Returning to South Africa after 12 years abroad, he was assistant editor on the Pretoria News for a decade before becoming editor of the Star and SA Times for five years.

Since 1999 he’s been an independent journalist writing and broadcasting – mainly about Africa – for Talk Radio 702 and 567 Cape
Talk, Radio France International, PressTV, Radio Live New Zealand, Business Day, Mail & Guardian, the BBC, Agence France Press,
Business in Africa, Leadership, India Today, the South African Institute for International Affairs and the Institute for Security Studies.

He has hosted current affairs talk shows on Talk Radio 702 and 567 Cape Talk.

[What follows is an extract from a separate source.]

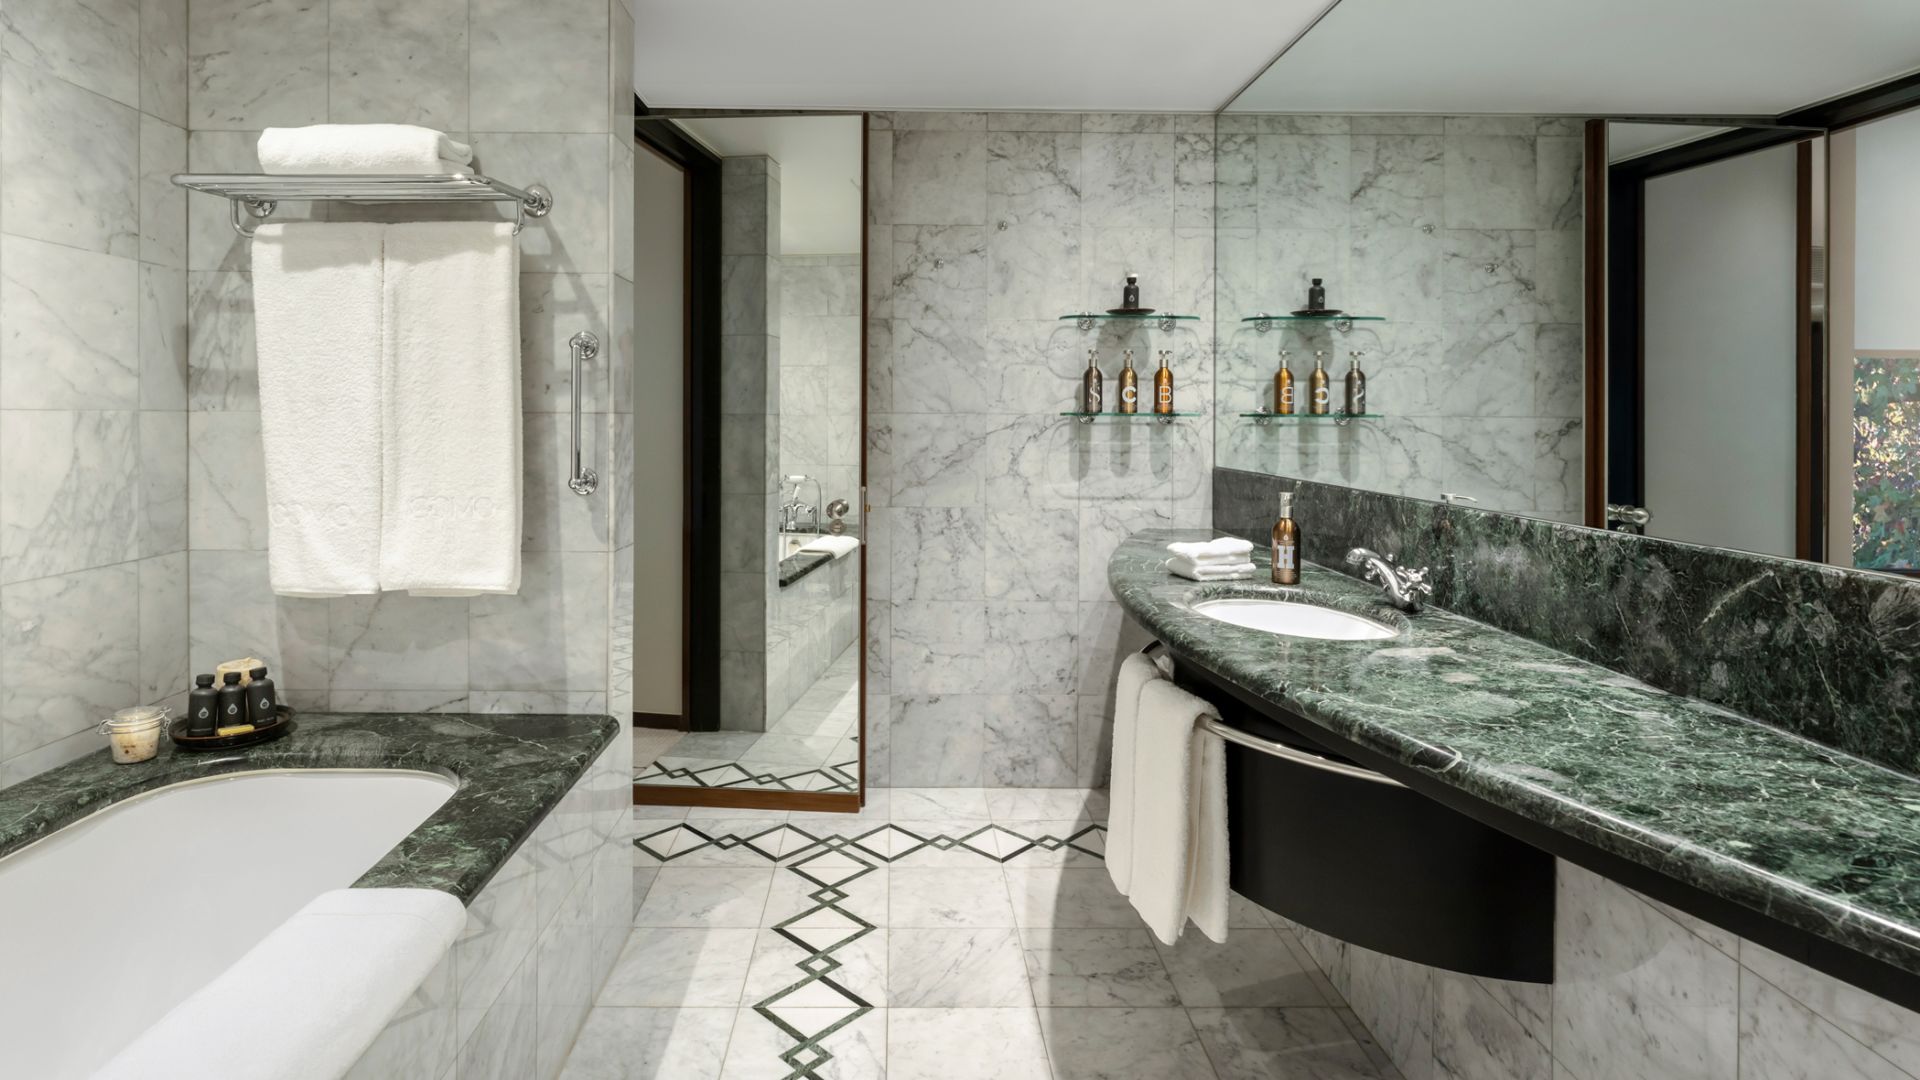 A Bathroom With A Marble Countertop - Image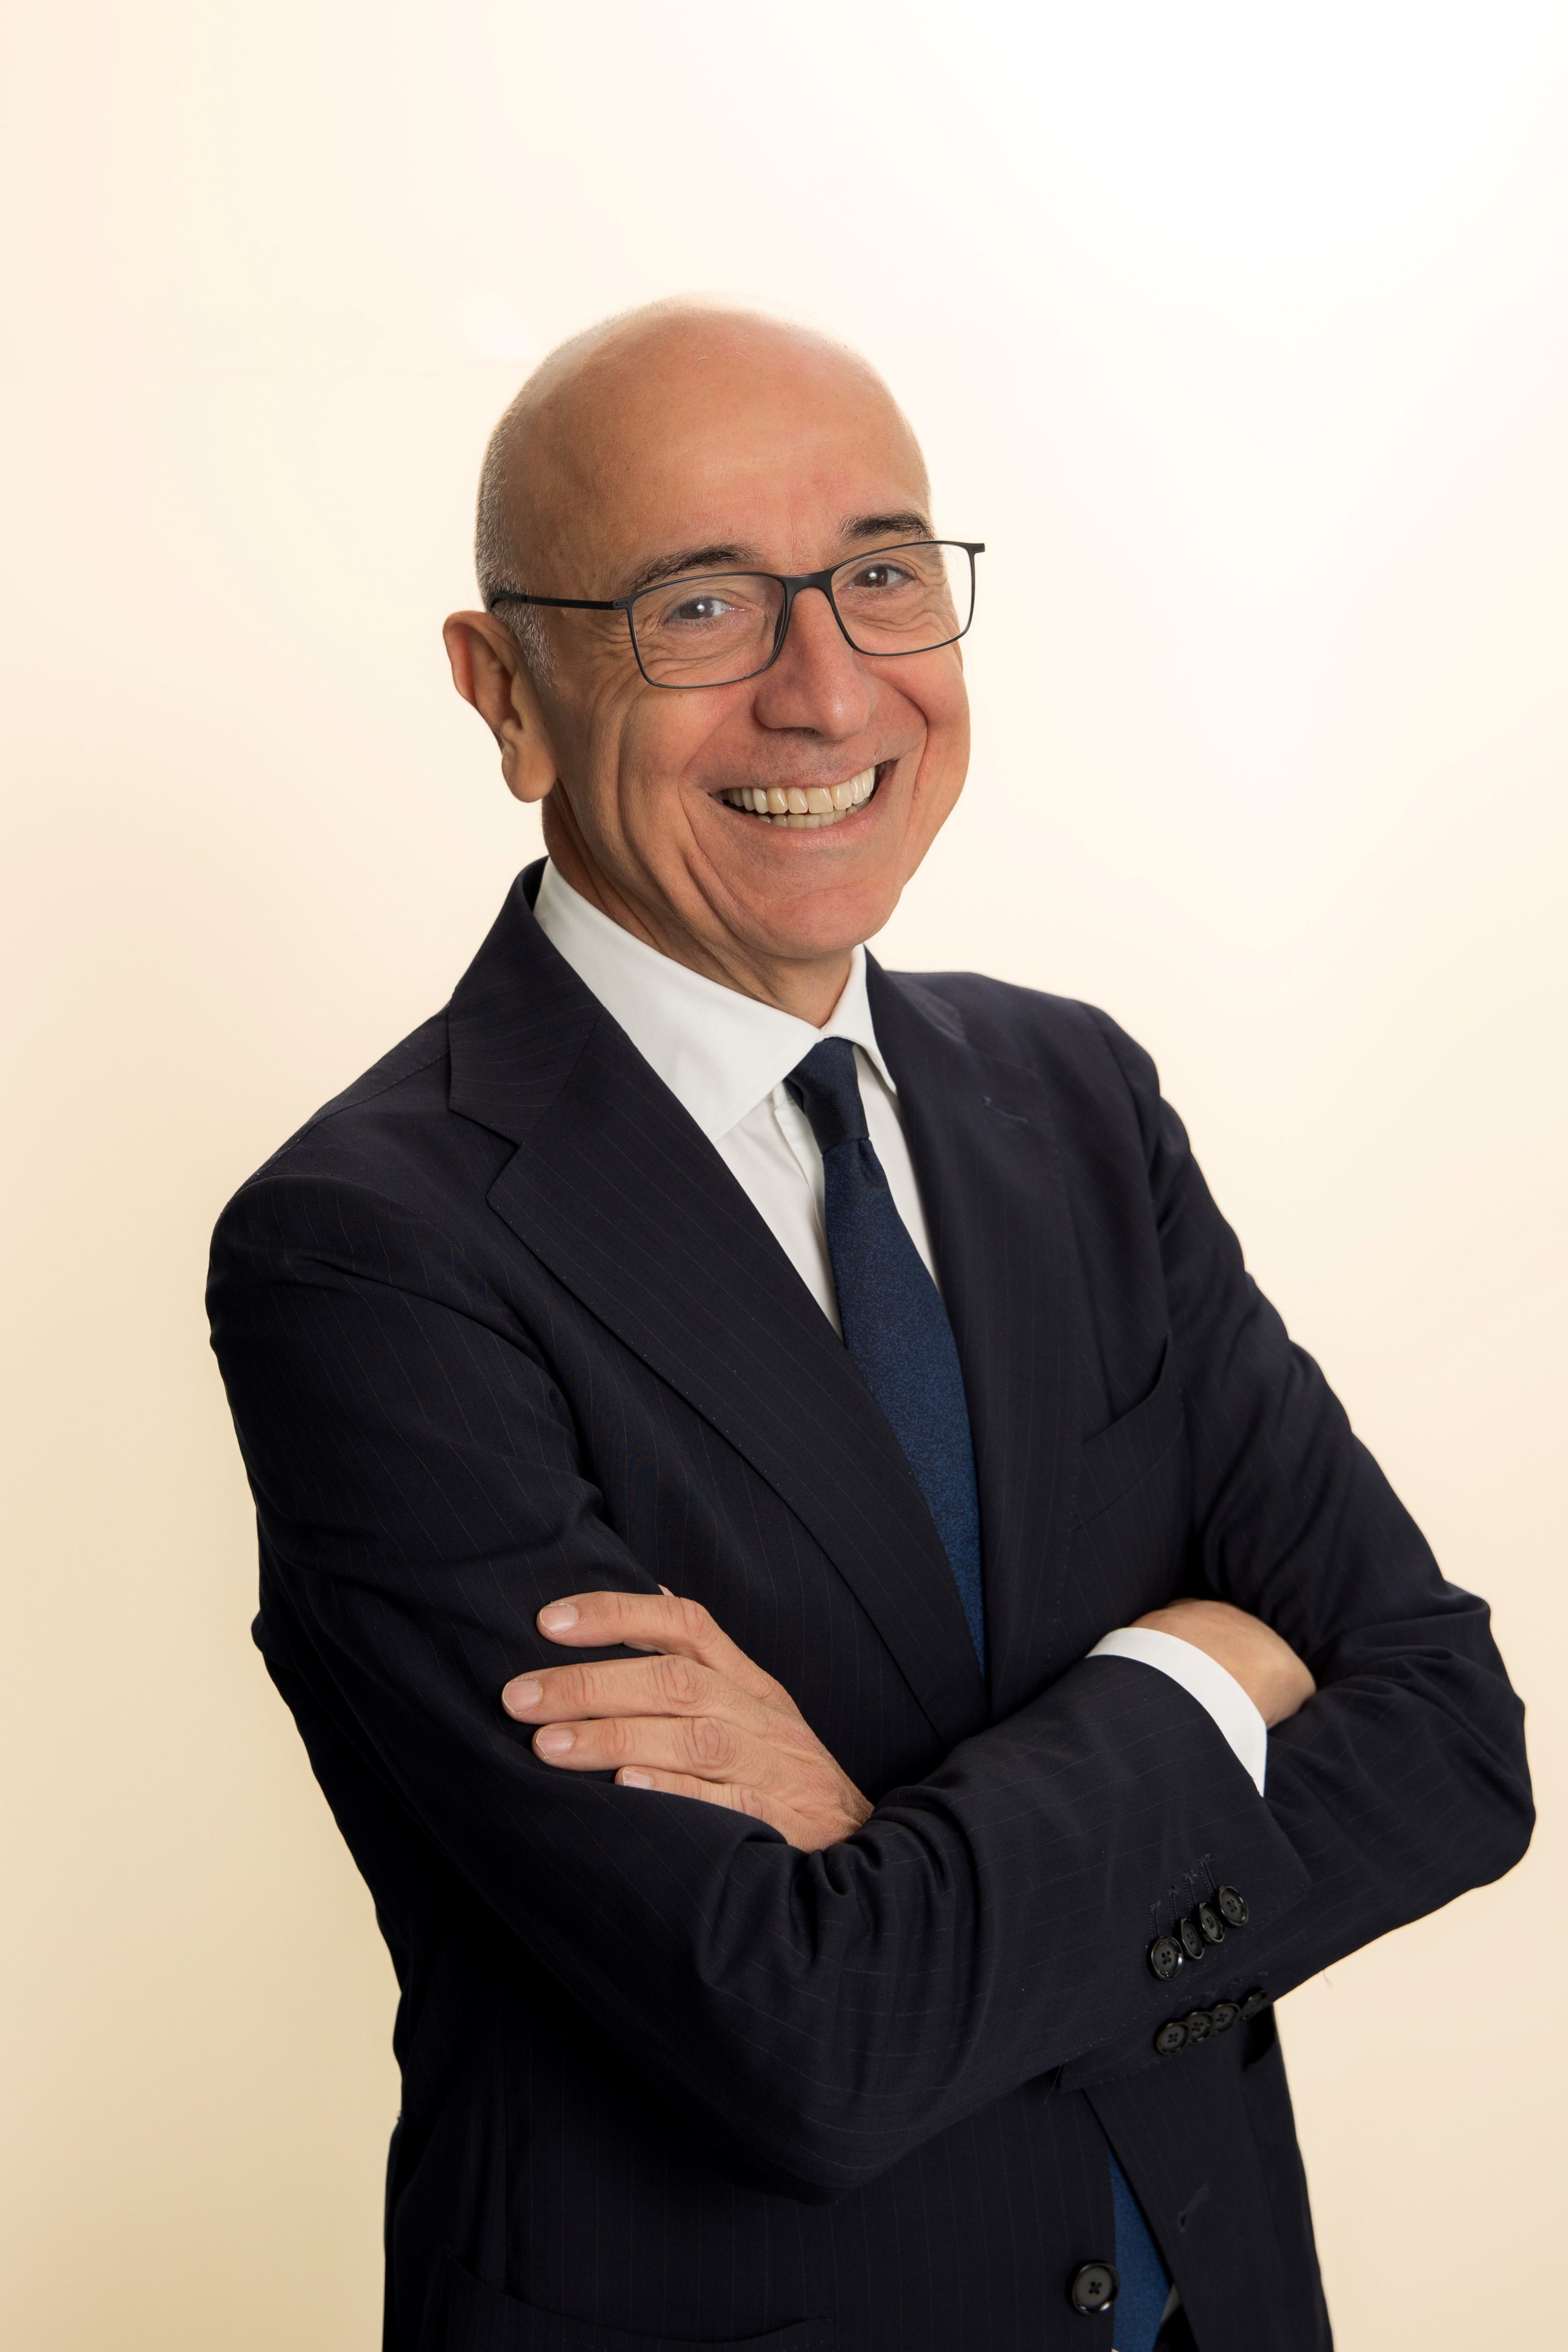 Petros Papanikolaou, who will succeed Joachim Müller as CEO of Allianz Global Corporate & Specialty SE with effect from January 1, 2024

He appears as an African affairs pundit on SABC Africa and CNBC Africa.
He lectured in contemporary studies to journalism students at the Tshwane University of Technology and the University of Pretoria.

He speaks on African affairs to corporate and other audiences.
He has been officially invited as a journalist to more than 30 countries. He was the winner of the 2007 SADC award for radio journalism.

He’s been a member of the EISA team observing elections in Somaliland, Democratic Republic of Congo, Madagascar, Zimbabwe, Egypt and Tunsiai.

In October 2009 he headed a group of 39 African journalists to the 60th anniversary celebrations of the Peoples’ Republic of China.

In January 2010 he joined a rescue and paramedical team to earthquake struck Haiti.

He is immediate past president of the Alliance Francaise of Pretoria.

Jean-Jacques is a director of Giant Media. The company was given access to Nelson Mandela in his retirement years until 2009.
He is co-producer of the hour-long documentary Mandela at 90 that was broadcast on BBC in January 2009.